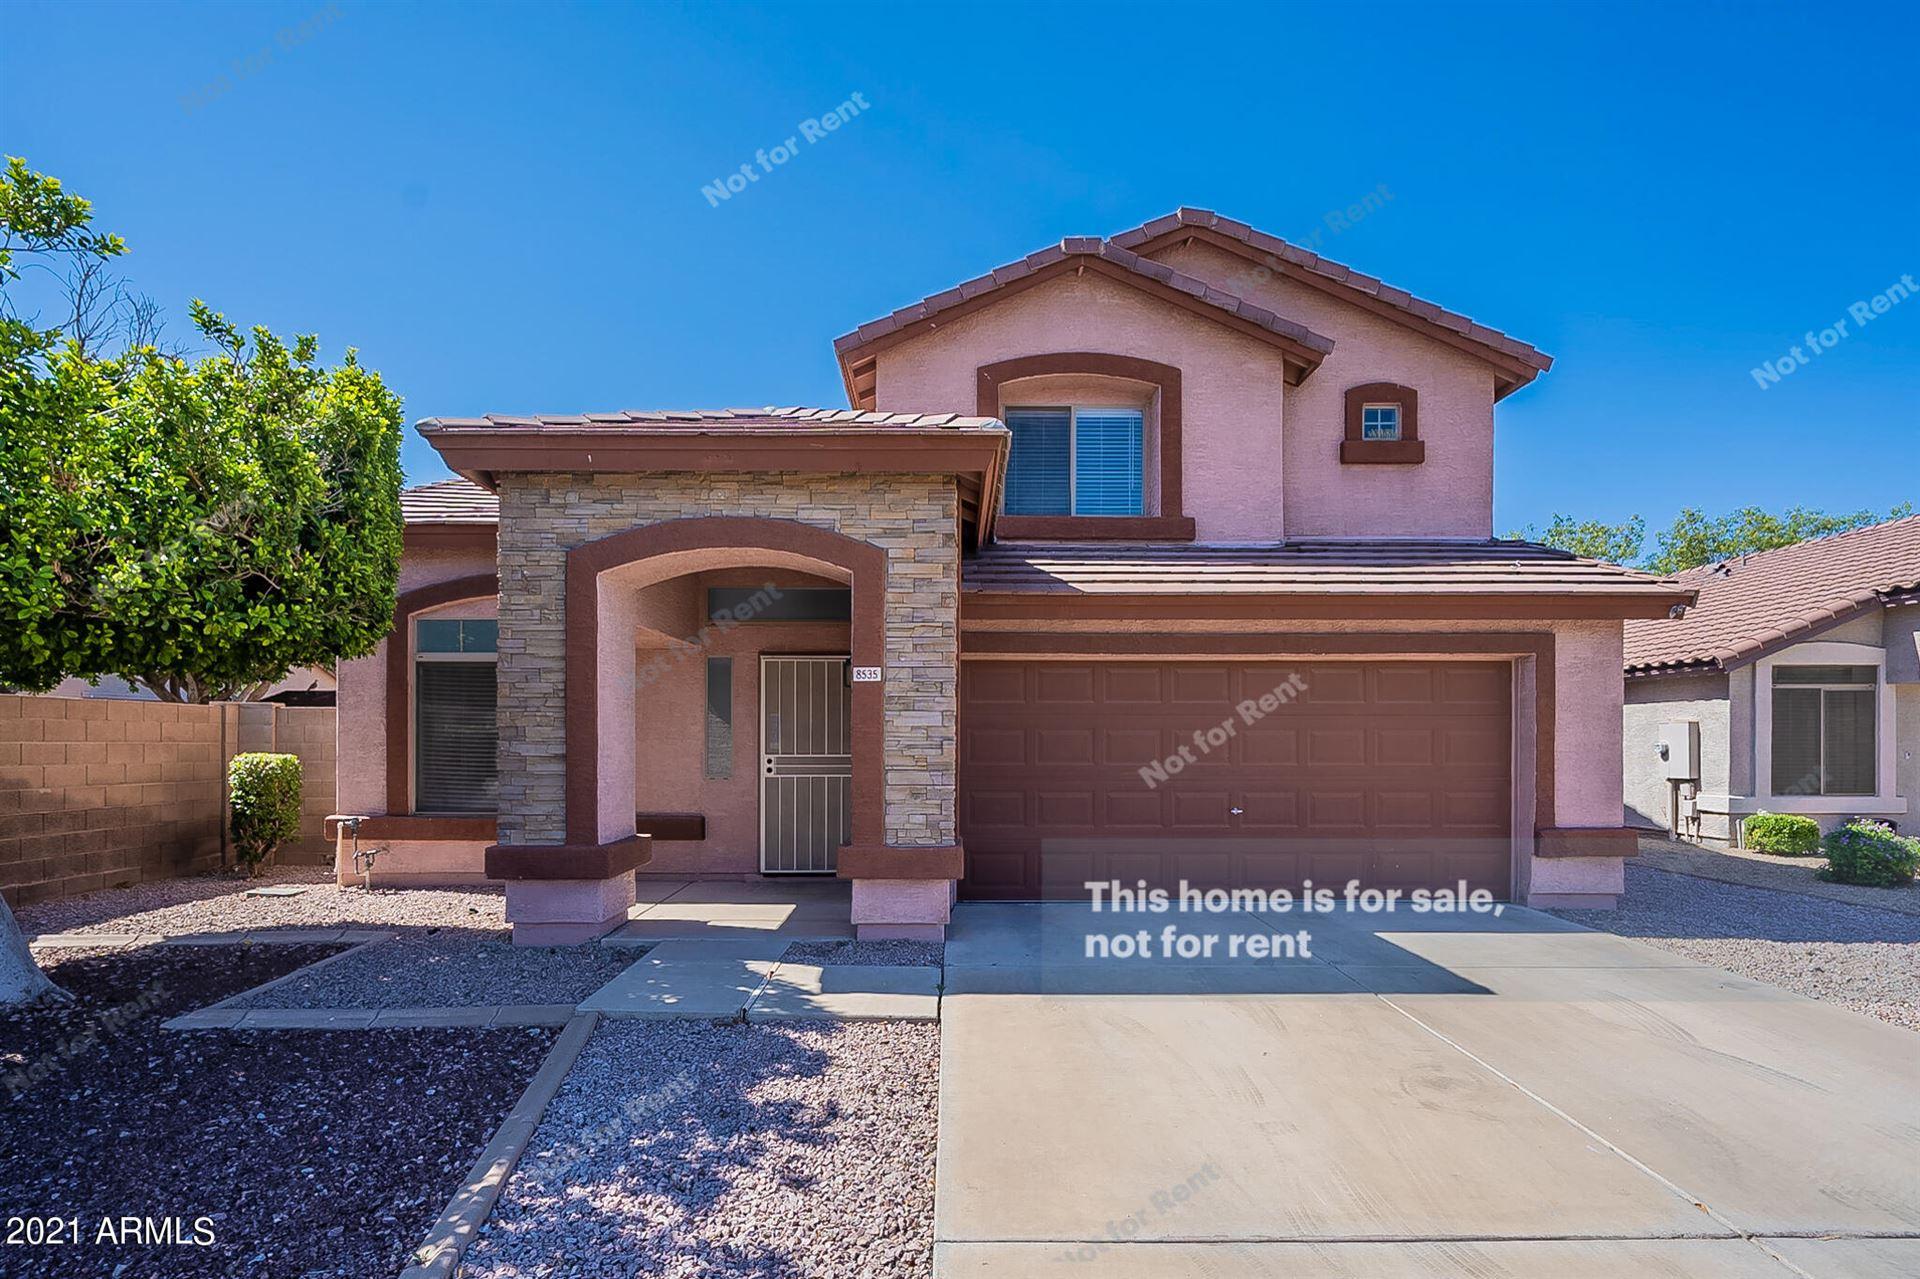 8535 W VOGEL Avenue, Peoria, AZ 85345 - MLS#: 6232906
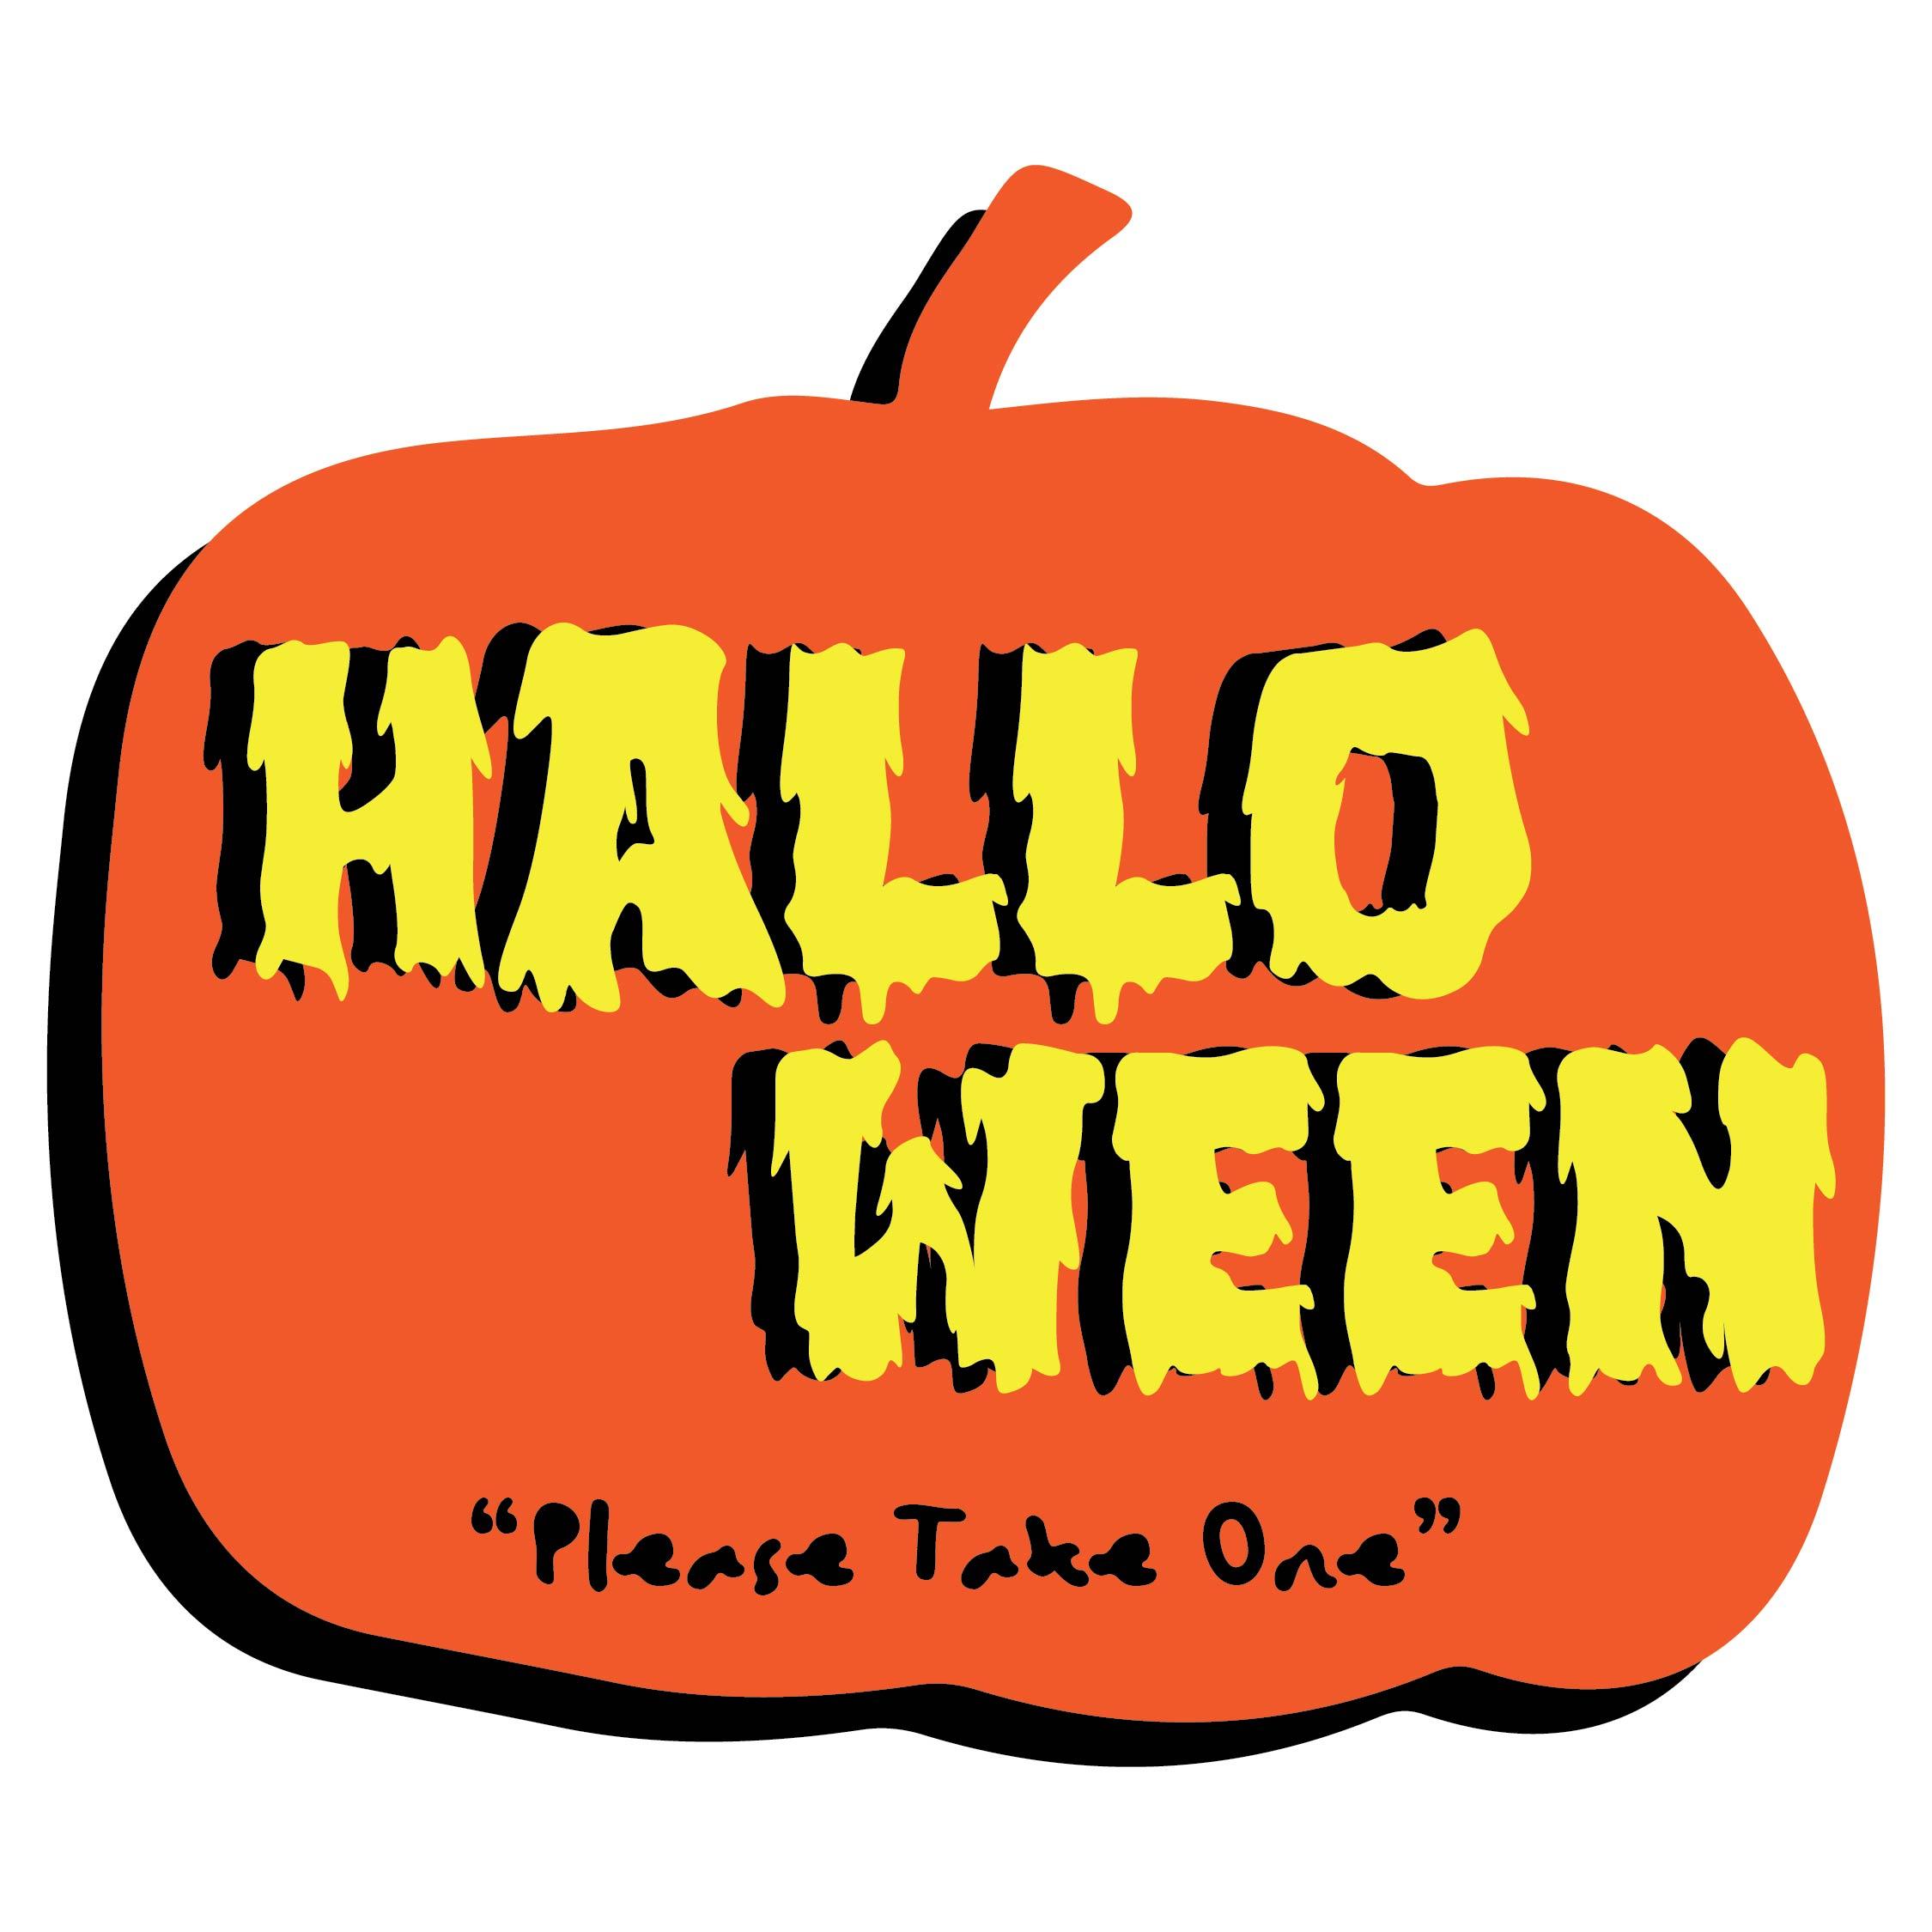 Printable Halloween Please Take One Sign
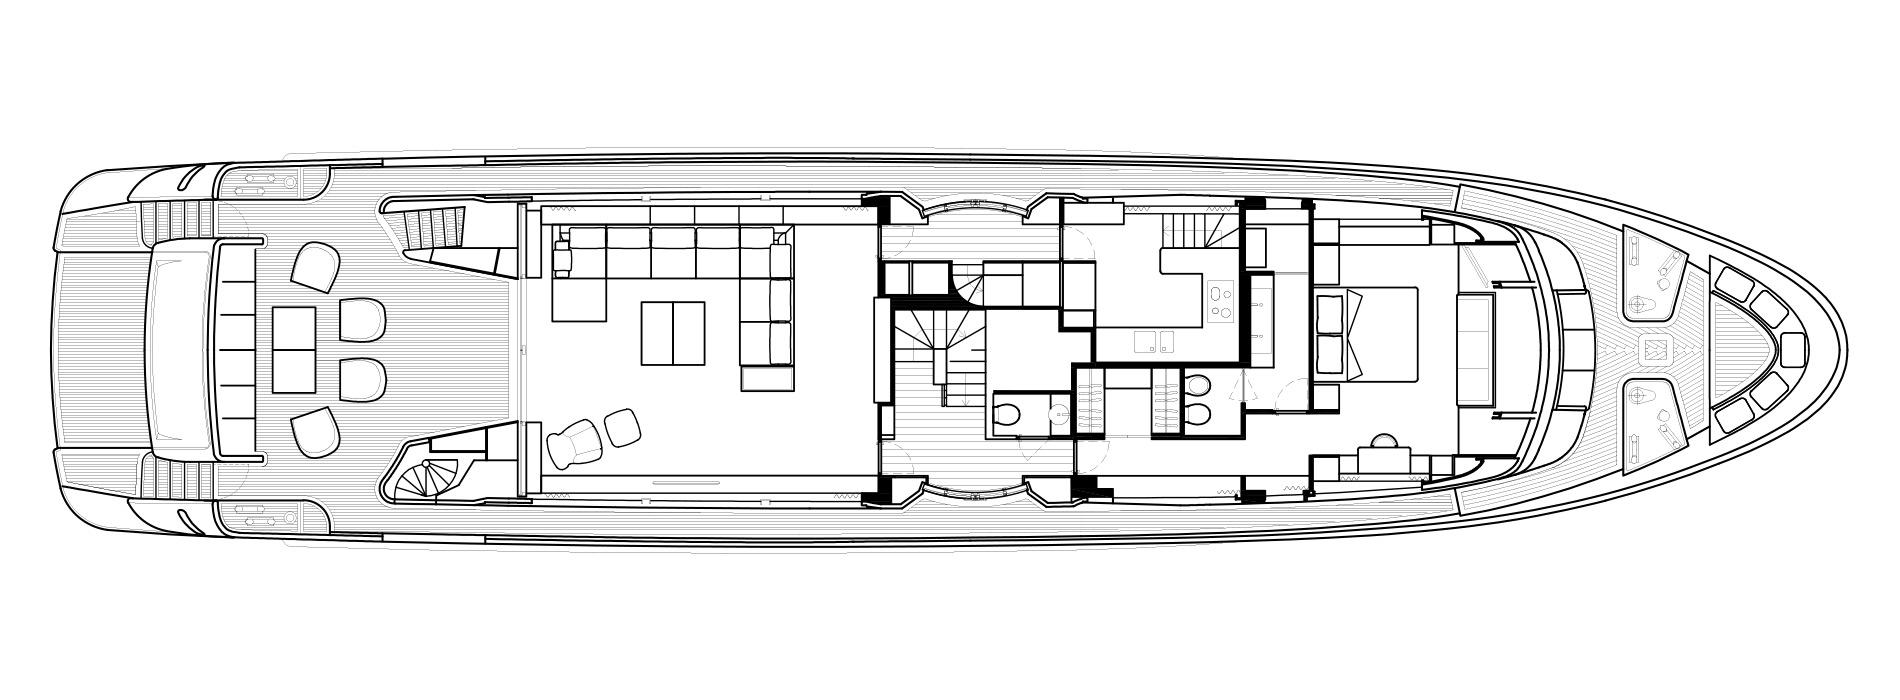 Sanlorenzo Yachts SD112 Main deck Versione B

Work instructions: Pictures stay out. Return exactly the lines from the one with "Printable Halloween Please Take One Sign" through the last line of the data.

Task solution:
 Printable Halloween Please Take One Sign
 Sanlorenzo Yachts SD112 Main deck Versione B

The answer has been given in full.